### Activity
The entries below contain a stretch that opens with the line containing "Cover,Large Ruled/Lined,Sappire Blue" and closes with the line containing "Chicken flavored Kraft"; set down that stretch exactly, both ends included, and nothing else.

### Exercise data
__________

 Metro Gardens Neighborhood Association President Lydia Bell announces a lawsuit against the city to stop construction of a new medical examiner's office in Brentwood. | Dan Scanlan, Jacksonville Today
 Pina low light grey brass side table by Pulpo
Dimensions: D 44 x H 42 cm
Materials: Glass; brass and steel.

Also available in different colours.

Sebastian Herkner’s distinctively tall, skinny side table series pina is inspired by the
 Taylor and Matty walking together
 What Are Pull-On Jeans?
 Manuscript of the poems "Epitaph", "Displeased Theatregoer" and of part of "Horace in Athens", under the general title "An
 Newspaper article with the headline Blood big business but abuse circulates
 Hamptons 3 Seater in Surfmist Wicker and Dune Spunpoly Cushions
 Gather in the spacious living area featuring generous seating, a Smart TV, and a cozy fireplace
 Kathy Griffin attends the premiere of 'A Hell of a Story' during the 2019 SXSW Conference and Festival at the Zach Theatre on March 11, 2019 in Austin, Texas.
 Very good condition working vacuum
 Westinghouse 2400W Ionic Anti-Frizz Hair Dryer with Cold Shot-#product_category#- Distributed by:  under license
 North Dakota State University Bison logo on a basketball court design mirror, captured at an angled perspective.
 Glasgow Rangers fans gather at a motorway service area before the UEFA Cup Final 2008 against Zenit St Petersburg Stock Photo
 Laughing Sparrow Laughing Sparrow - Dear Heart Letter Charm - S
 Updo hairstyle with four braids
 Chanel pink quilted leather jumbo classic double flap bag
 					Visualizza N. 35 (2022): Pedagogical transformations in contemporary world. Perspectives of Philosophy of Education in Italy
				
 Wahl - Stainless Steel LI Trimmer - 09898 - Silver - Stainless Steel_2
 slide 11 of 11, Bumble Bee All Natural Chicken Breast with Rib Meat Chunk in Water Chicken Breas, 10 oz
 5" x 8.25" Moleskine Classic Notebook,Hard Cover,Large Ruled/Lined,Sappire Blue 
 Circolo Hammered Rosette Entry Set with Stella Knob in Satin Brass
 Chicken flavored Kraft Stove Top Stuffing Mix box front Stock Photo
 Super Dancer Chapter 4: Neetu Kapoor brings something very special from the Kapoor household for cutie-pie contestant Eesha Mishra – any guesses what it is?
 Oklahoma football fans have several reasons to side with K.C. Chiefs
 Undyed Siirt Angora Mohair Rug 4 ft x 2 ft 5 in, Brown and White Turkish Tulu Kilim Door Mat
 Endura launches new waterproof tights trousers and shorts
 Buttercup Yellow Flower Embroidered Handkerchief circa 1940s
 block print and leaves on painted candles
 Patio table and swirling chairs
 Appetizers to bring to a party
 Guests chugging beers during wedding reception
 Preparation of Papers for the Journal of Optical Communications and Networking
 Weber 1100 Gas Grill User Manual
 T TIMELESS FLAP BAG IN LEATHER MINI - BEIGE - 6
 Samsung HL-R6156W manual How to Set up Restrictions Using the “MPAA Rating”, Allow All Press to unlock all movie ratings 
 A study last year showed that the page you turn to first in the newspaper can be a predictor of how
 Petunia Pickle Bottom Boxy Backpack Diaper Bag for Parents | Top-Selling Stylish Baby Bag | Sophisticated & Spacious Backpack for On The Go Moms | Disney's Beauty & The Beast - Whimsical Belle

__________

### Exercise solution
 5" x 8.25" Moleskine Classic Notebook,Hard Cover,Large Ruled/Lined,Sappire Blue 
 Circolo Hammered Rosette Entry Set with Stella Knob in Satin Brass
 Chicken flavored Kraft Stove Top Stuffing Mix box front Stock Photo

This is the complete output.